Семен Семенович вышел, едва заметно волоча ноги. Плечи его согнулись.
– Как он похож на Уэллса,– сказала Рената.
– Он действительно устал,– заметил Кирилл сочувственно.– Четыреста лет на Земле, в разных обличьях. И еще раньше несколько сот лет на планете Харис. Он очень устал, бедняга.
– Расскажи о Ренате,– попросил Харитон.
– Да, пожалуйста, расскажите о ней, о той Ренате,– присоединилась к его просьбе девушка.
Кирилл рассказал все, что он знал о Ренате сам от деда.
– Дед всегда говорил, что она была чудачкой по призванию,– задумчиво заключил Кирилл.– Она погибла в метель тридцати девяти лет от роду – маленькая, пылкая, нетерпимая ко злу, агроном из глухого села, и сразу стало очевидно, что она светила всем, как яркая звездочка, и люди ужаснулись, как они могли смеяться над ней, злословить о ней, мешать ей работать, мешать ей быть самой собой. На могиле ее надпись: «Мир стал лучше от того, что она в нем жила». А один из учителей сказал на похоронах: «Если бы ее не было, Мир стал бы хуже. Маленький Дон Кихот из Рождественского». И расплакался при всех. И дети о ней очень плакали.

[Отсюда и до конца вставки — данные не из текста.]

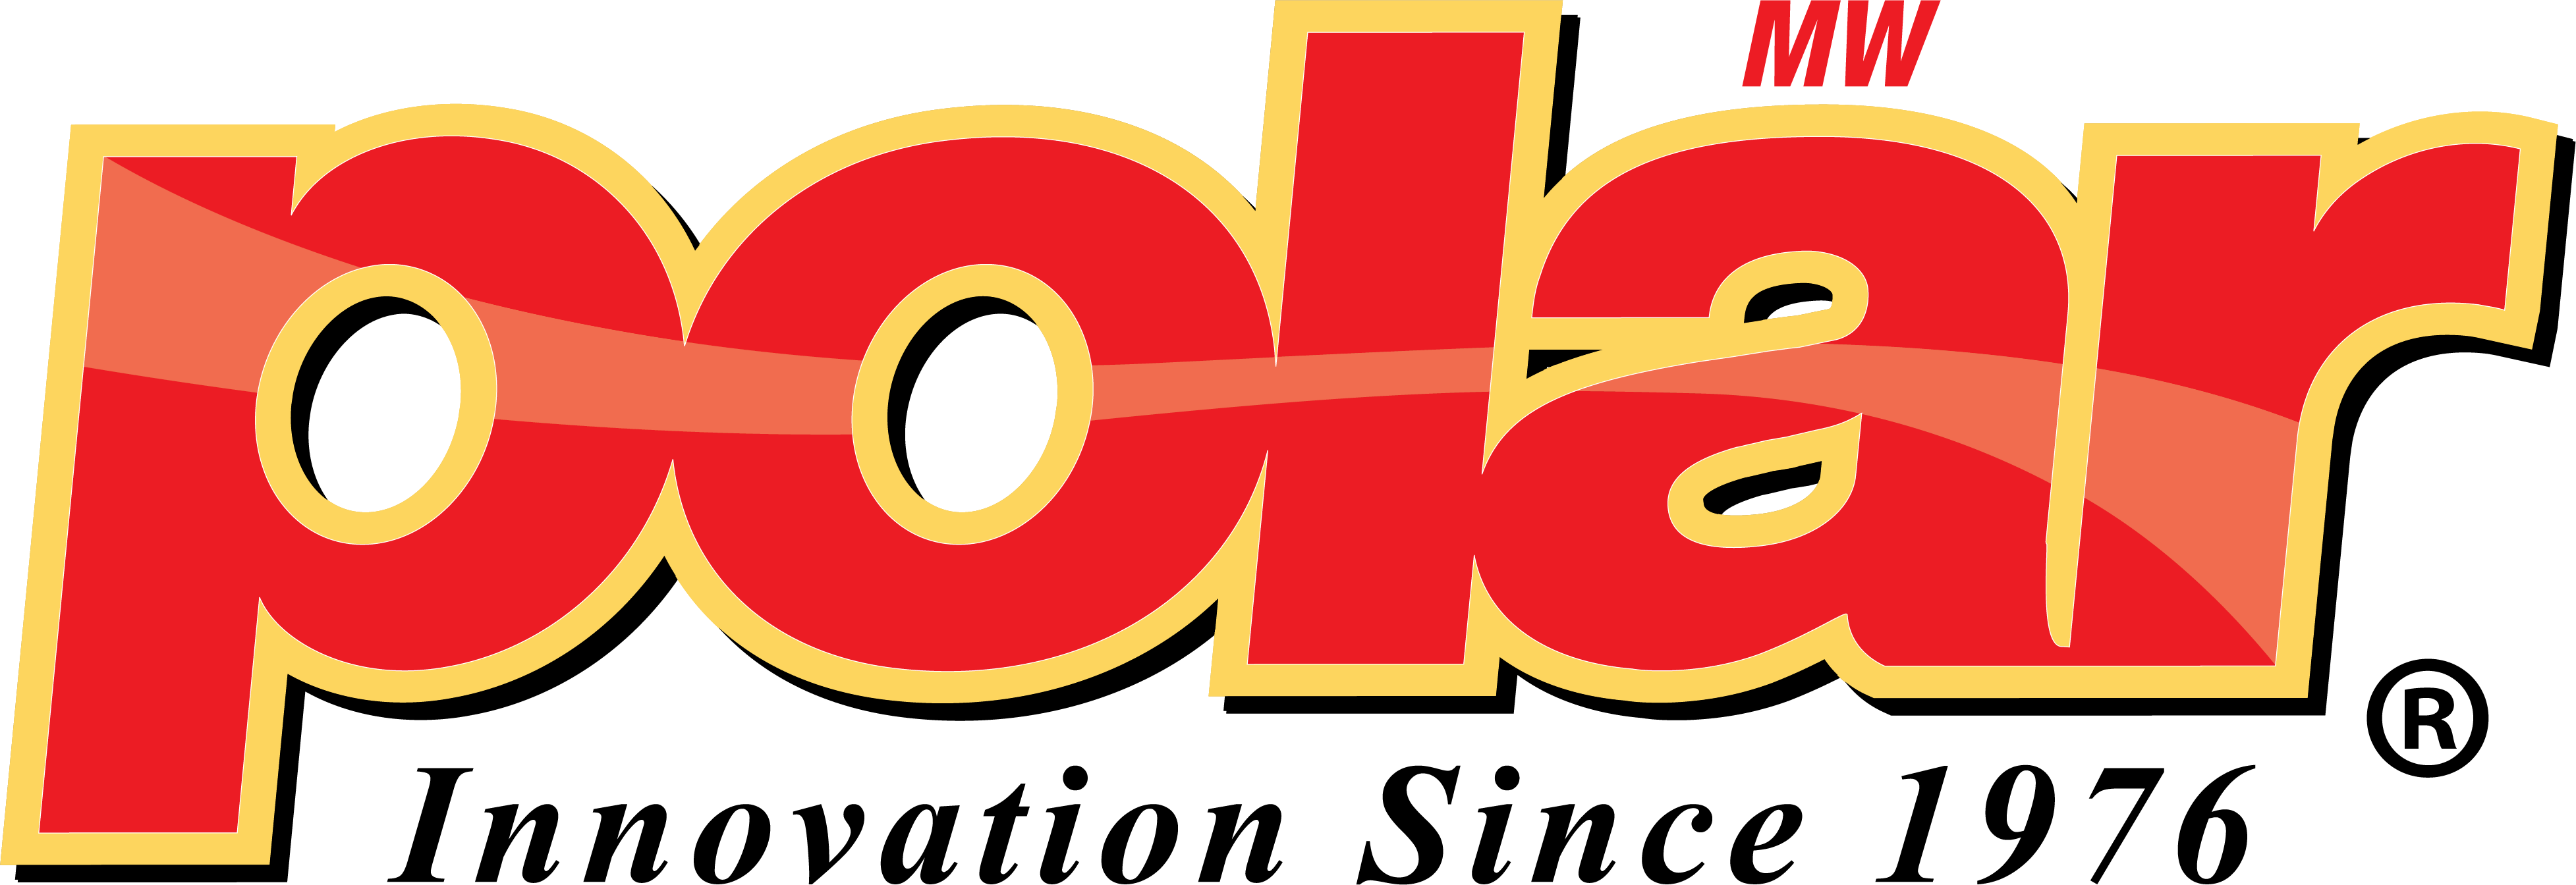 Logo Innovation - Mw Polar Foods Logo (3910x1344)

Вот тогда мой дед, Николай Симонов, ушел от семьи, потому что его жена – моя бабка – тоже не любила Ренату, сама не зная за что.
Бабушка всегда говорила: «Как все, так и я». Рената лишь тогда шла за всеми, если эти все поступали добро и честно. Она могла одна пойти против всех, если видела, что большинство собираются поступить не по-доброму, несправедливо.
– Я бы хотела прожить свою жизнь в Рождественском, как она,—загрустила Рената,—делая свое дело, выполняя свой долг и радуясь миру, стихам, цветам и добрым людям. А здесь... я не знаю, в чем заключается мой долг здесь, на этой планете?
– Быть представителем человечества,– усмехнулся Яша.
– Я только хотел это сказать,– улыбнулся и Кирилл. Разговор смолк, но они еще долго сидели рядом – пятеро с планеты Земля – четыре космонавта и агроном из глухого села.
Они очень устали, почти выбились из сил, но не расходились потому, что Уилки Уолт был в отчаянии, и они боялись оставить его одного, а также потому, что сами были в угнетенном состоянии и никому не хотелось оставаться одному.
Наконец Кирилл убедил их идти спать, а сам остался с американцем.
– А нельзя ему дать снотворное? – шепнул Харитон, уходя.
– Слишком перевозбужден, снотворное может не подействовать,– так же шепотом ответил Кирилл,– боюсь вызвать судороги. Но под утро я рискну. Иди спи, Тони.
Все ушли. Уилки схватил Кирилла за руку.
– Посиди со мной,– умоляюще произнес он.– Это самый страшный час в моей жизни. Я даже не могу радоваться за Джен, что она теперь счастлива,– рядом дети... и любимый муж. Ведь тот Уилки... он уже дома. Ему дети, ему жена, ему слава, ослепительный путь в науке. Счастливчик Уилки! Так меня звали всегда, с детства. Теперь это все у него. А мне... мне? Быть представителем человечества?
– Это не мало,– возразил Кирилл.– Давай закурим, дружище.
Рената тоже не сразу уснула. Оставшись одна, она дала волю слезам: никогда больше не увидит она отца! Никогда! Папа, милый папа! Отец ты мой дорогой, светлый ты мой человек! Хоть бы еще побыть с тобой.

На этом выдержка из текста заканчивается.